Received: 28 Aug 2023
Accepted: 17 Dec 2023
Published online: 29 Dec 2023

Abstract

Accurate and real-time monitoring of grapevine freezing tolerance is crucial for the sustainability of the grape industry in cool climate viticultural regions. However, on-site data are limited due to the complexity of measurement. Current prediction models underperform under diverse climate conditions, which limits the large-scale deployment of these methods. We combined grapevine freezing tolerance data from multiple regions in North America and generated a predictive model based on hourly temperature-derived features and cultivar features using AutoGluon, an automated machine learning engine. Feature importance was quantified by AutoGluon and SHAP (SHapley Additive exPlanations) value.
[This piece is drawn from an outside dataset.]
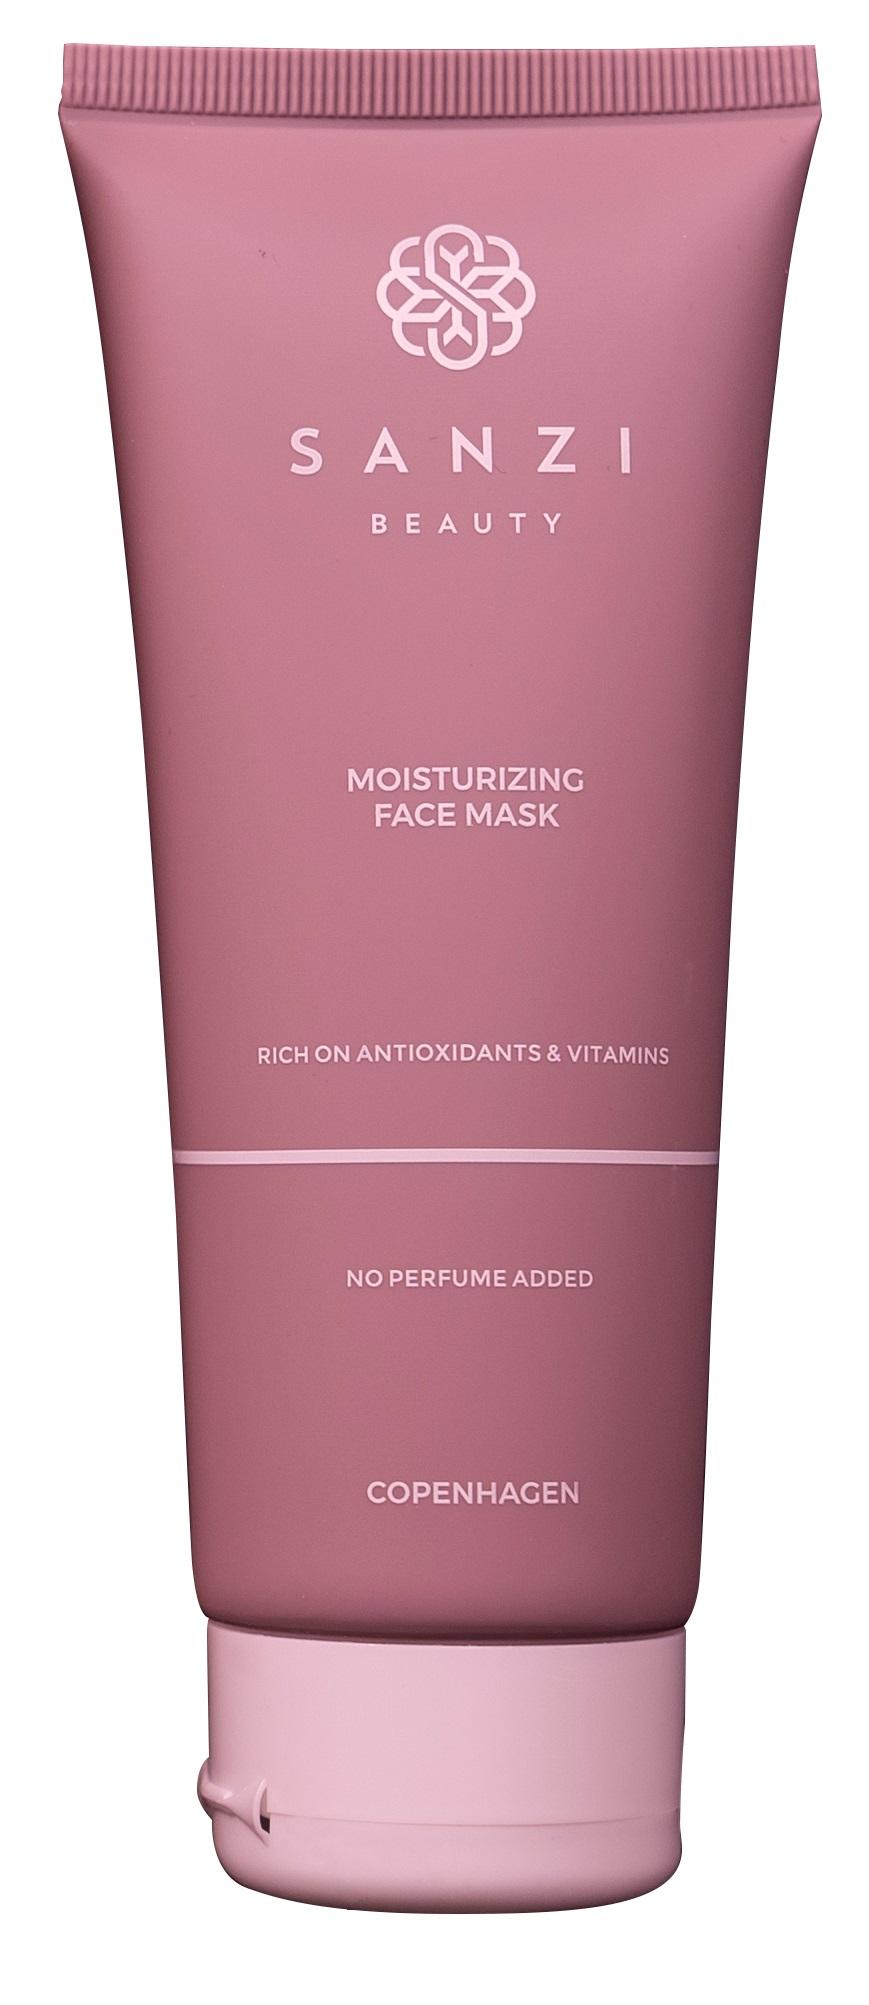 Sanzi Beauty - Moisturizing Face Mask 100 ml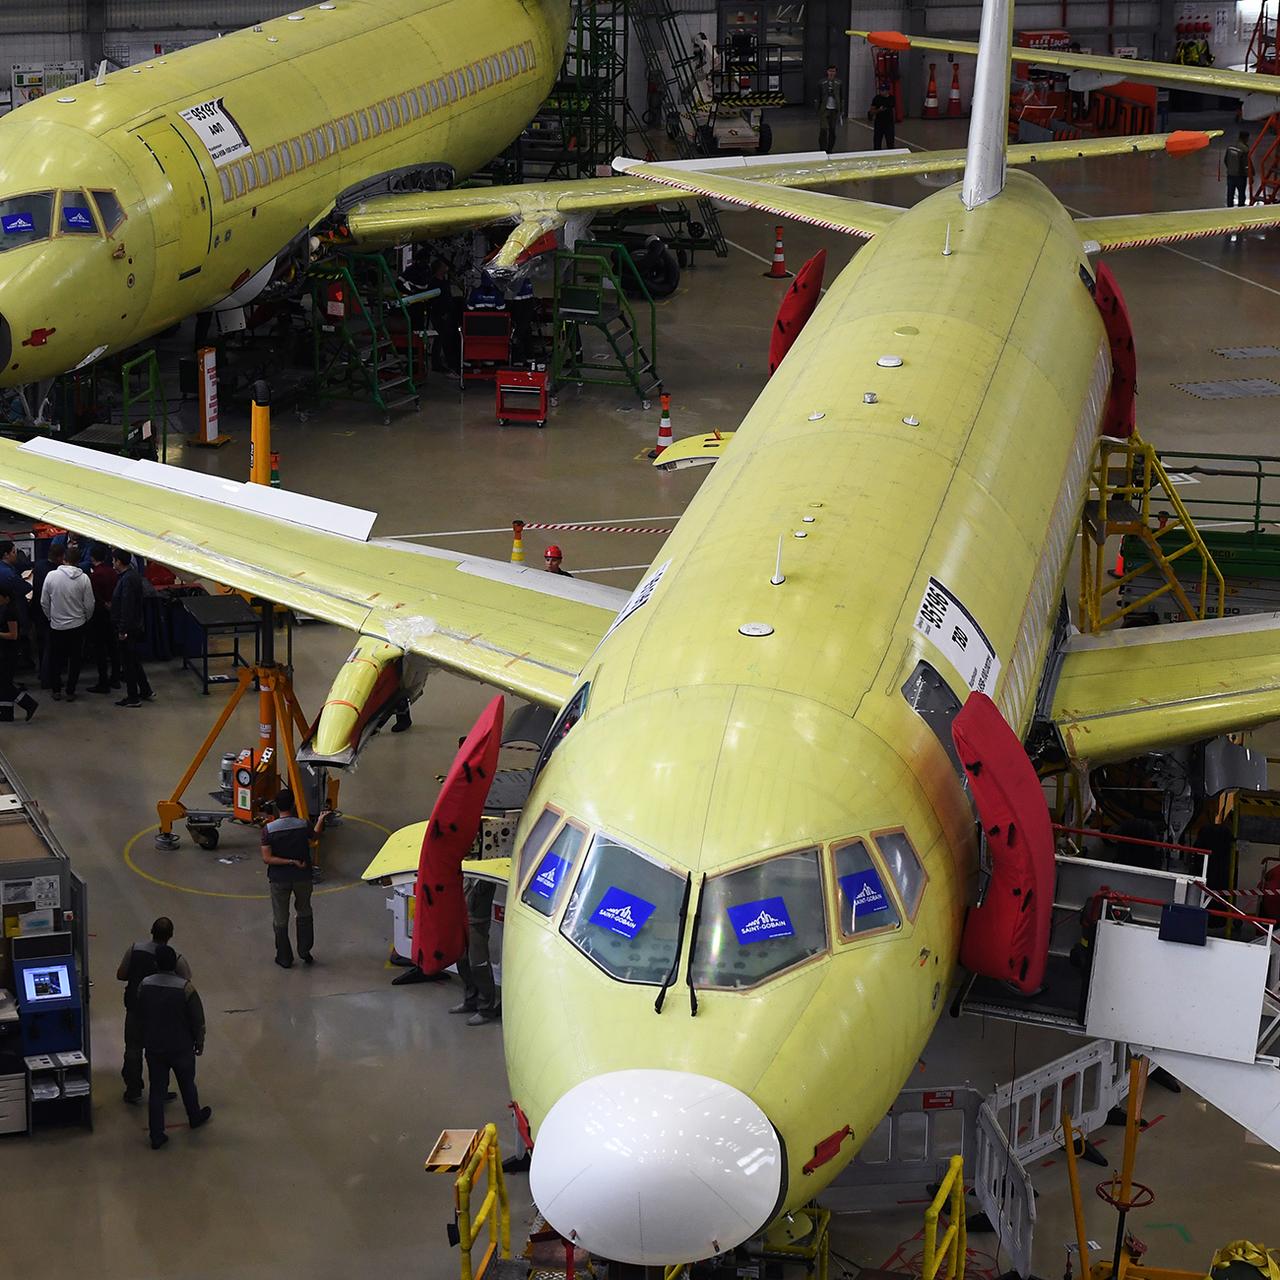 Как ни назови производителя SSJ100 (RRJ), самолёт от этого не изменится…

The final model was evaluated and compared with previous models for its performance under different climate conditions. The final model achieved an overall 1.36°C root-mean-square error during model testing and outperformed two previous models using three test cultivars at all testing regions. Two feature importance quantification methods identified five shared essential features. Detailed analysis of the features indicates that the model has adequately extracted some biological mechanisms during training. The final model, named NYUS.2, was deployed along with two previous models as an R shiny-based application in the 2022–23 dormancy season, enabling large-scale and real-time simulation of grapevine freezing tolerance in North America for the first time.